RAW DATA START

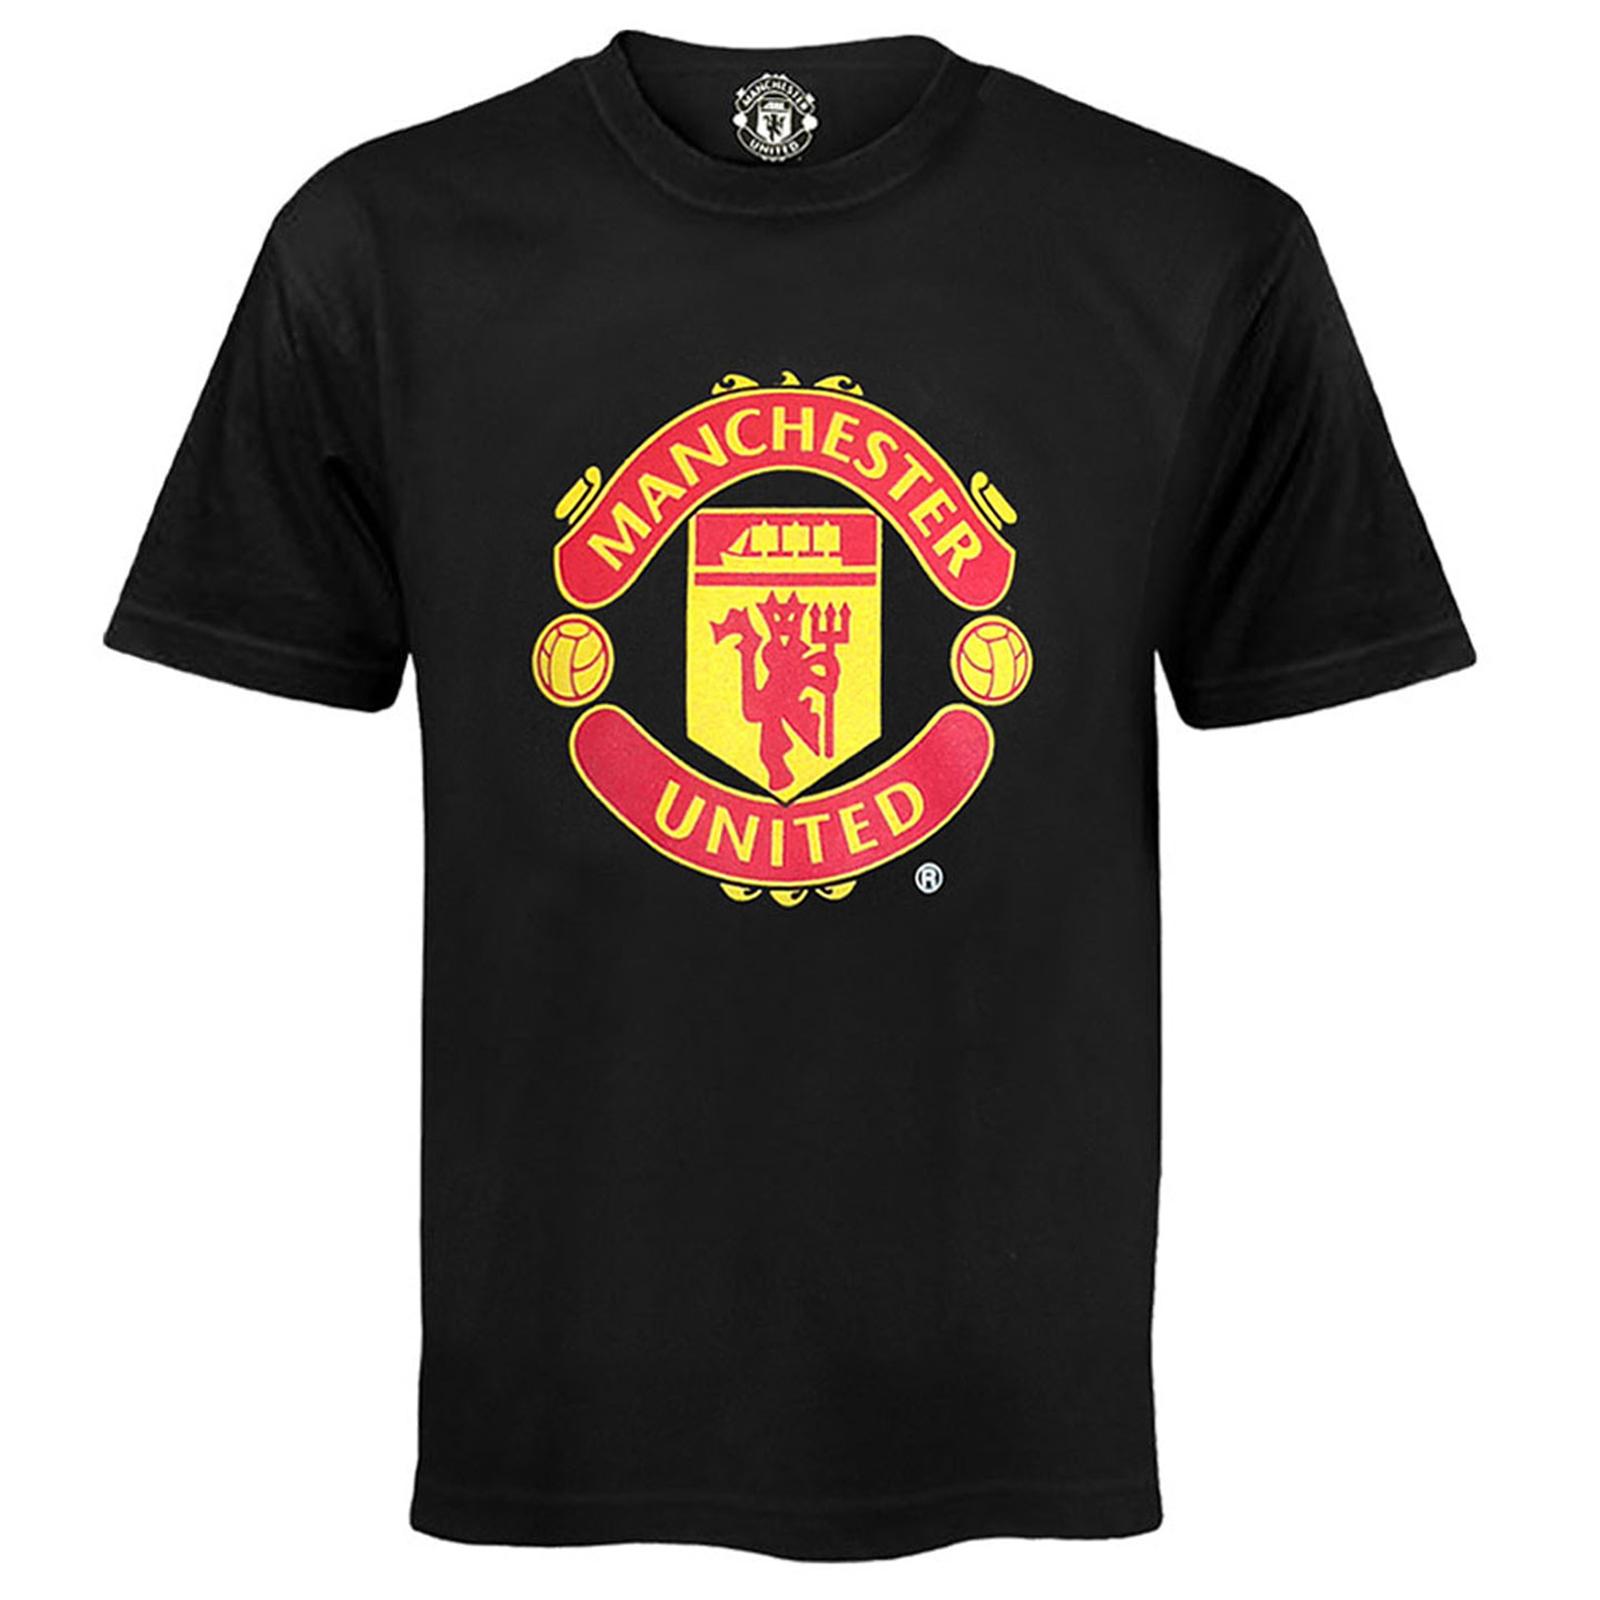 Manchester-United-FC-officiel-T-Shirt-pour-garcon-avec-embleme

RAW DATA END
RAW DATA START

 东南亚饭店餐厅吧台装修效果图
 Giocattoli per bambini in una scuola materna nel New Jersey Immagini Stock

RAW DATA END
RAW DATA START

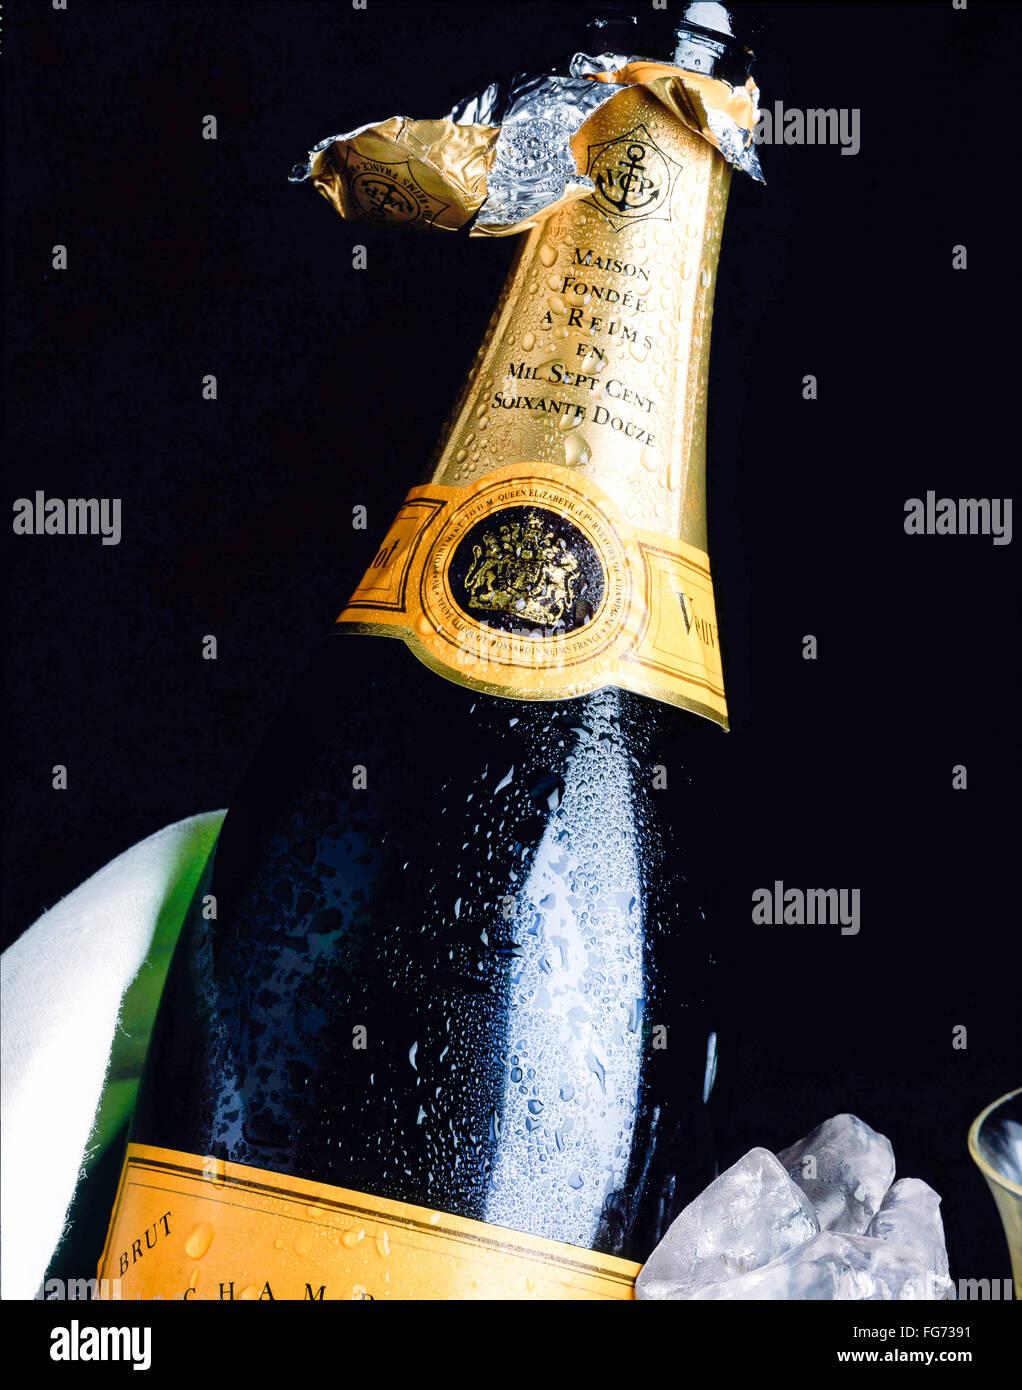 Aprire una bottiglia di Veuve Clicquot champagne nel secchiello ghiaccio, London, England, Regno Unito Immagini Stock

RAW DATA END

_PROBLEM TO SOLVE_.
Scan the listing above for the line that has "东南亚饭店餐厅吧台装修效果图", then copy exactly from that line through the line that has "Giocattoli per bambini".

_SOLUTION TO THE PROBLEM_.
 东南亚饭店餐厅吧台装修效果图
 Giocattoli per bambini in una scuola materna nel New Jersey Immagini Stock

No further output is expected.